The Court finds that Nickel Rock has not shown that FAAAA preemption could not have been asserted within 30 days of its receipt of the Original Petition. Because Nickel Rock was served with the Original Petition on July 15, 2022, its removal on January 5, 2024 based on federal preemption is untimely. The Court recommends remand.2

IV. Recommendation

This Magistrate Judge RECOMMENDS that the District Court GRANT Plaintiffs Christian Golibart and Brooklyn Michelle and Intervenors Tifini Furst and Gayle Havel Blum’s Joint Emergency Motion for Remand (Dkt. 11) and REMAND this action to the 428th District Court in Hays County, Texas.

V. Warnings

The parties may file objections to this Report and Recommendation. A party filing objections must specifically identify those findings or recommendations to which objections are being made. The District Court need not consider frivolous, conclusive, or general objections. See Battle v. U.S. Parole Comm’n, 834 F.2d 419, 421 (5th Cir. 1987).
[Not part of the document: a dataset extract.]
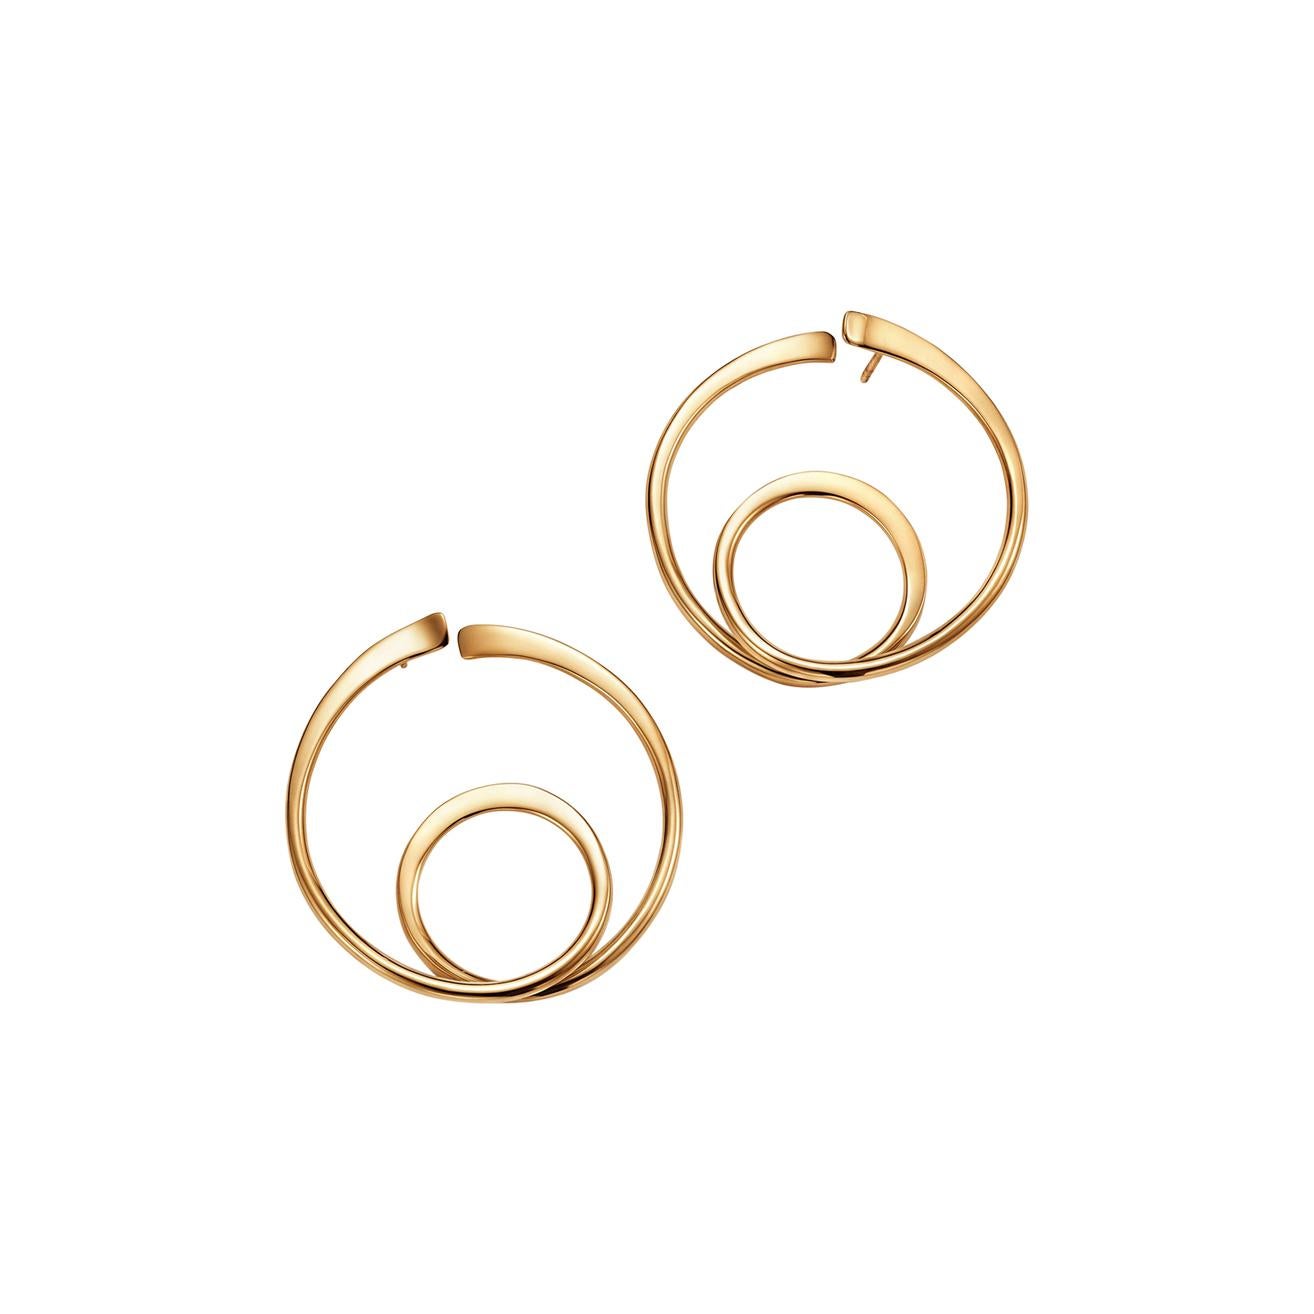 18kt Fairmined Ecological Yellow Gold Art Smith Double Hoop Earrings

A party’s failure to file written objections to the proposed findings and recommendations contained in this Report within fourteen (14) days after the party is served with a copy of the Report shall bar that party from de novo review by the District Court of the proposed findings and recommendations in the Report and, except on grounds of plain error, shall bar the party from appellate review of unobjected-to proposed factual findings and legal conclusions accepted by the District Court. See 28 U.S.C. § 636(b)(1); Thomas v. Arn, 474 U.S. 140, 150-53 (1985); Douglass v. United Servs. Auto. Ass’n, 79 F.3d 1415, 1428-29 (5th Cir. 1996) (en banc).

All Citations

Footnotes

  1. By Text Order entered January 22, 2024, the District Court referred the Motion for Remand to this Magistrate Judge for a report and recommendation, pursuant to 28 U.S.C. § 636(b)(1)(B), Federal Rule of Civil Procedure 72, and Rule 1(d) of Appendix C of the Local Court Rules of the United States District Court for the Western District of Texas. The District Court also referred Plaintiffs’ Motion for Sanctions and/or Attorneys’ Fees (Relating to Notice of Removal), which will be addressed in a separate report and recommendation after the deadline for Plaintiffs’ reply brief has expired. Dkt. 17; Text Order entered January 23, 2024.
  2. Because removal was untimely, the Court does not consider Plaintiffs and Intervenors’ argument that the FAAAA does not preempt their claims or that Nickel Rock did not obtain consent of all Defendants. See Lopez, 465 F. Supp. 3d at 699 n.6 (“[I]t is unnecessary to consider the [preemption] issue any further because removal is untimely.”).